Since 1976, Ebolavirus have appeared sporadically in Africa, with small to midsize outbreaks confirmed between 1976 and 1979. Large epidemics of Ebola HF occurred in Kikwit, Democratic Republic of Congo in 1995, in Gulu, Uganda in 2000, in Bundibugyo, Uganda in 2008, and in Issiro, DRC in 2012. Smaller outbreaks were identified in Gabon, DRC, and Uganda. For information on known Ebola HF cases and outbreaks, please refer to the chronological list.
It appears that Filoviruses are zoonotic, that is, transmitted to humans from ongoing life cycles in animals other than humans. Despite numerous attempts to locate the natural reservoir or reservoirs of Ebolavirus and Marburgvirus species, their origins were undetermined until recently when Marburgvirus and Ebolavirus were detected in fruit bats in Africa.
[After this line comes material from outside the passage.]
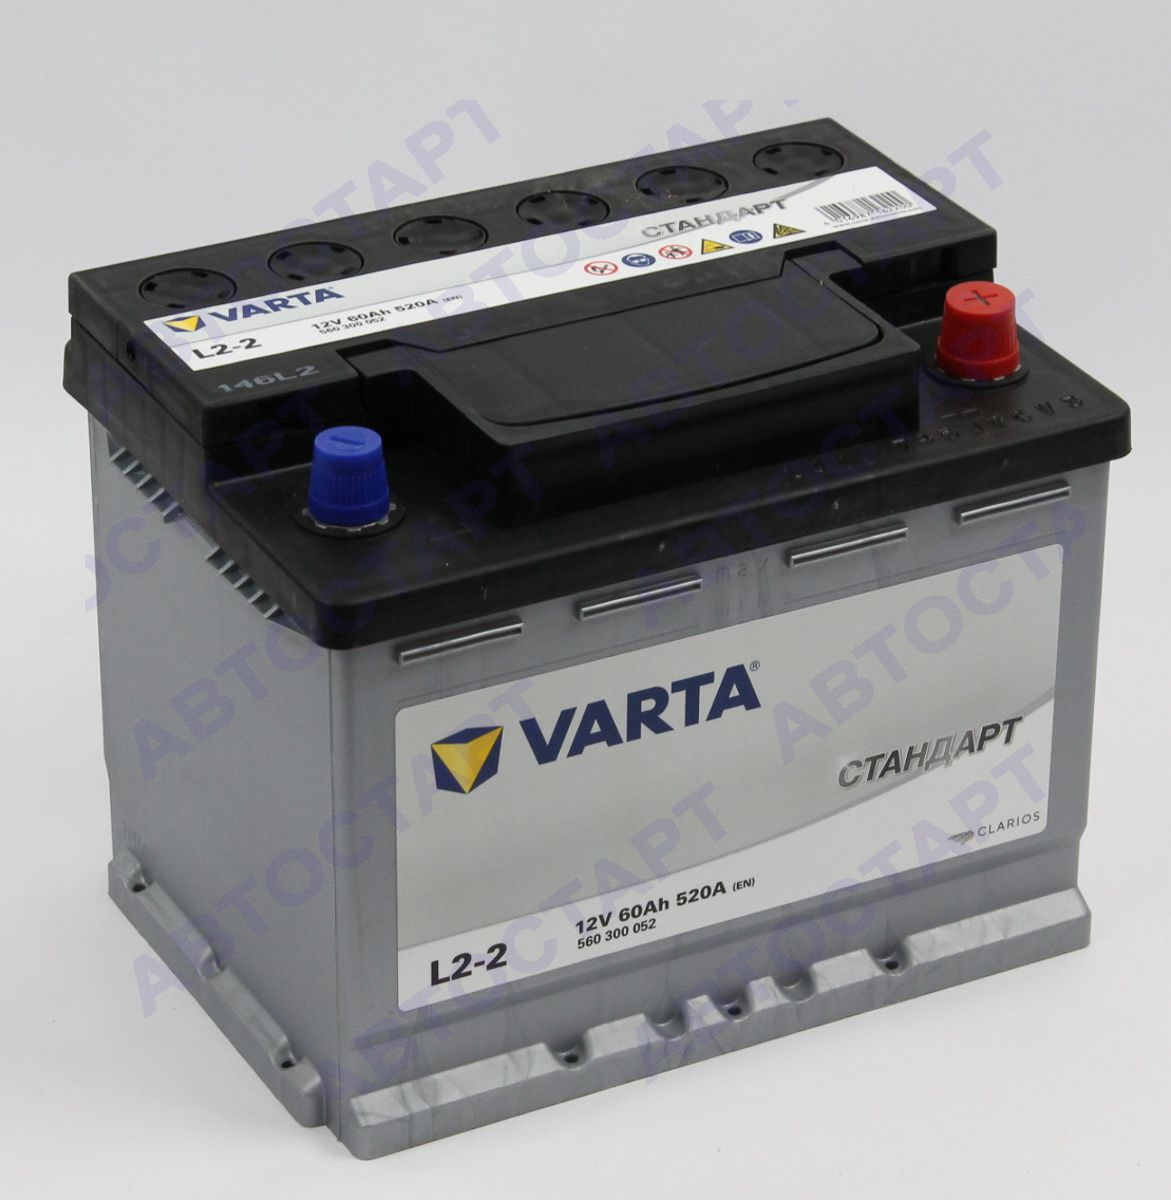 Аккумулятор VST 60 о.п. Стандарт 560 300 054 (Varta)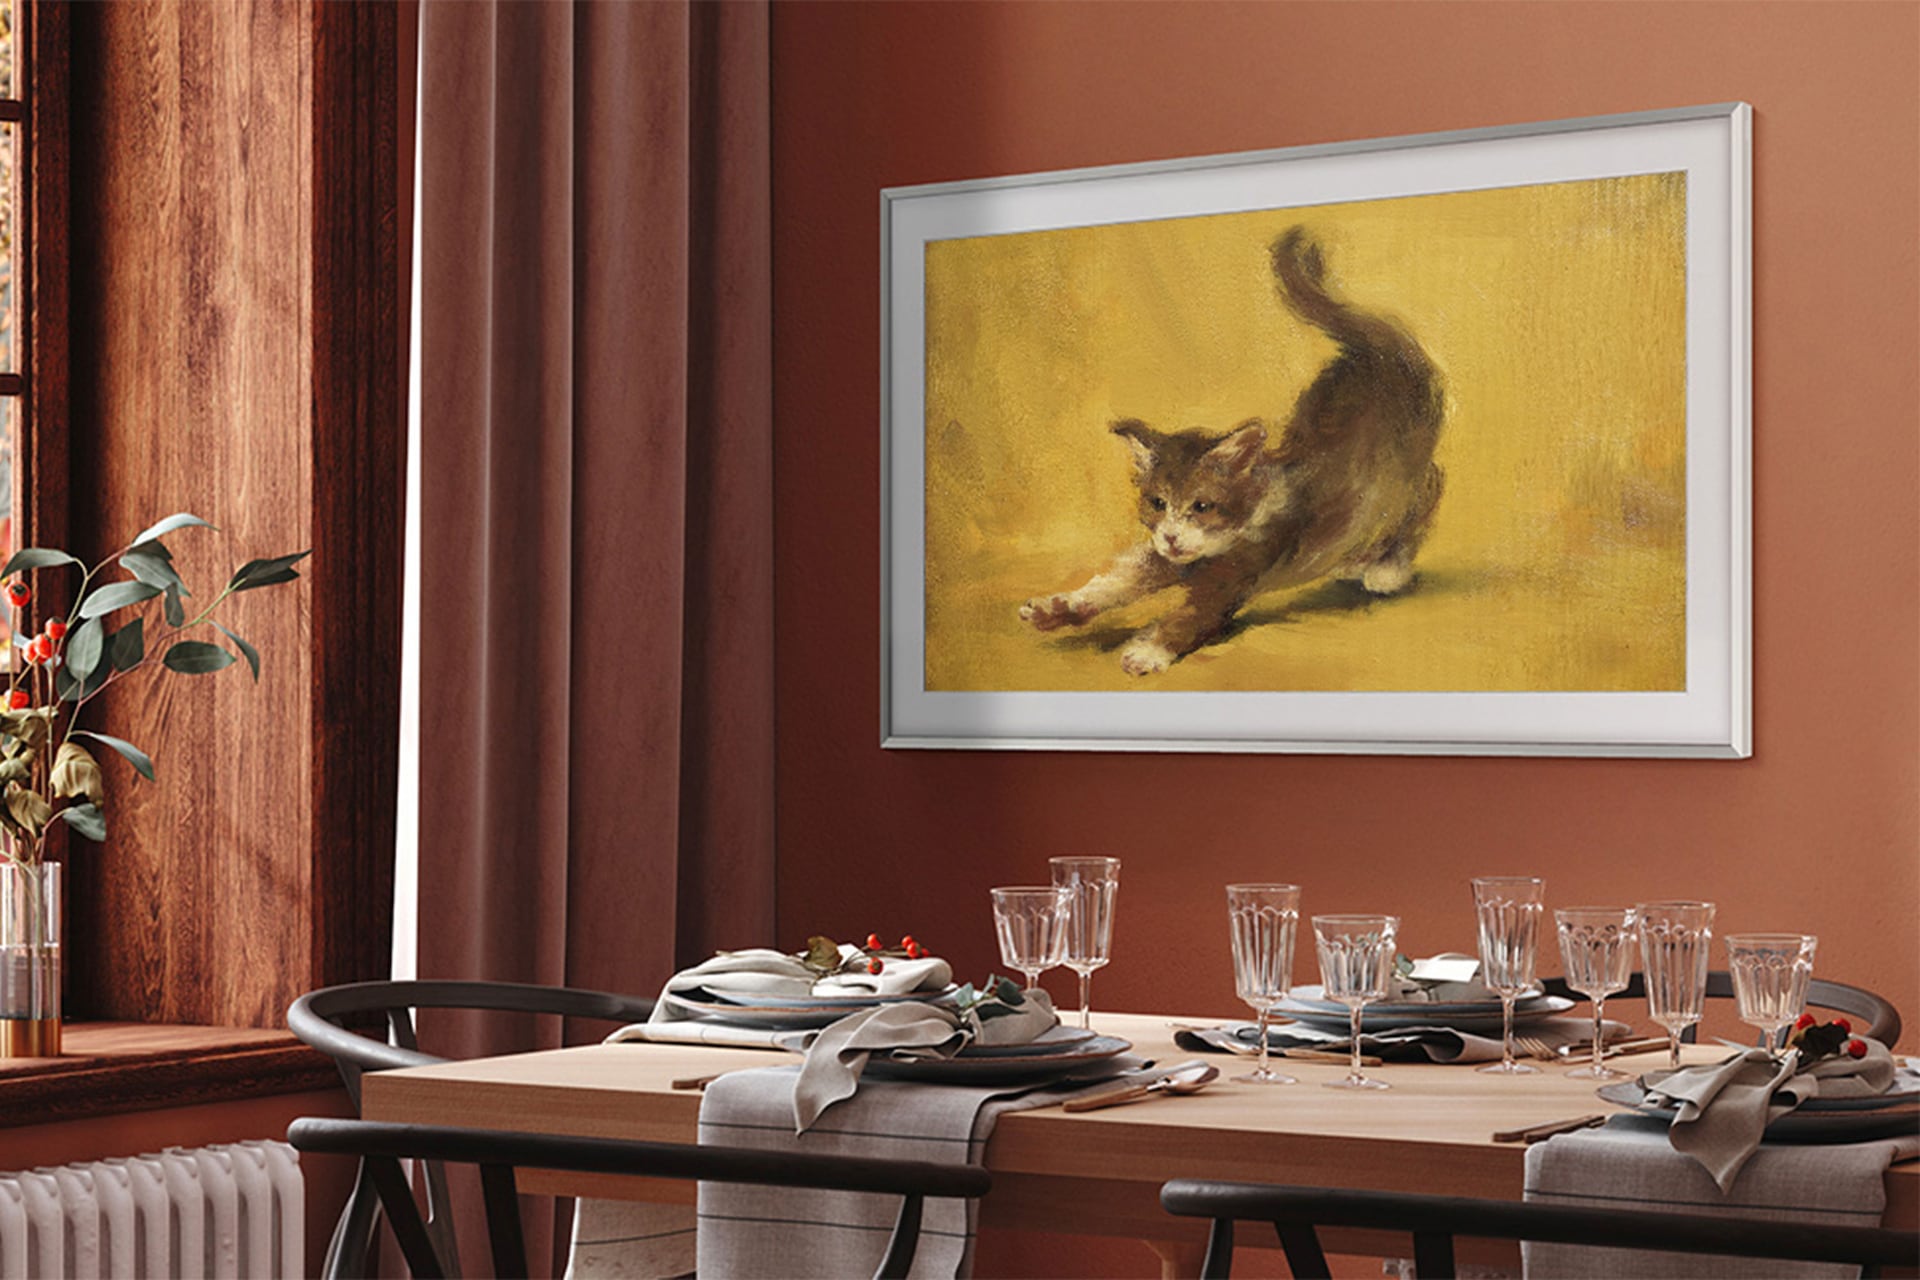 TV 앞 탁자 위에 많은 그릇과 컵이 있고 스크린 안에는 고양이 그림을 보입니다.

Marburgvirus has been isolated in several occasions from Rousettus bats in Uganda.
Spreading Filovirus infections
In an outbreak or isolated case among humans, just how the virus is transmitted from the natural reservoir to a human is unknown. Once a human is infected, however, person-to-person transmission is the means by which further infections occur. Specifically, transmission involves close personal contact between an infected individual or their body fluids, and another person. During recorded outbreaks of hemorrhagic fever caused by a Filovirus infection, persons who cared for (fed, washed, medicated) or worked very closely with infected individuals were especially at risk of becoming infected themselves. Nosocomial (hospital) transmission through contact with infected body fluids - via reuse of unsterilized syringes, needles, or other medical equipment contaminated with these fluids - has also been an important factor in the spread of disease. When close contact between uninfected and infected persons is minimized, the number of new Filovirus infections in humans usually declines. Although in the laboratory the viruses display some capability of infection through small-particle aerosols, airborne spread among humans has not been clearly demonstrated.
During outbreaks, isolation of patients and use of protective clothing and disinfection procedures (together called viral hemorrhagic fever isolation precautions or barrier nursing) has been sufficient to interrupt further transmission of Marburgvirus or Ebolavirus, and thus to control and end the outbreak. Because there is no known effective treatment for the hemorrhagic fevers caused by Filoviruses, transmission prevention through application of viral hemorrhagic fever isolation precautions is currently the centerpiece of Filovirus control.
In conjunction with the World Health Organization (WHO), CDC has developed practical, hospital-based guidelines, titled Infection Control for Viral Haemorrhagic Fevers in the African Health Care Setting. The manual can help healthcare facilities recognize cases and prevent further hospital-based disease transmission using locally available materials and few financial resources.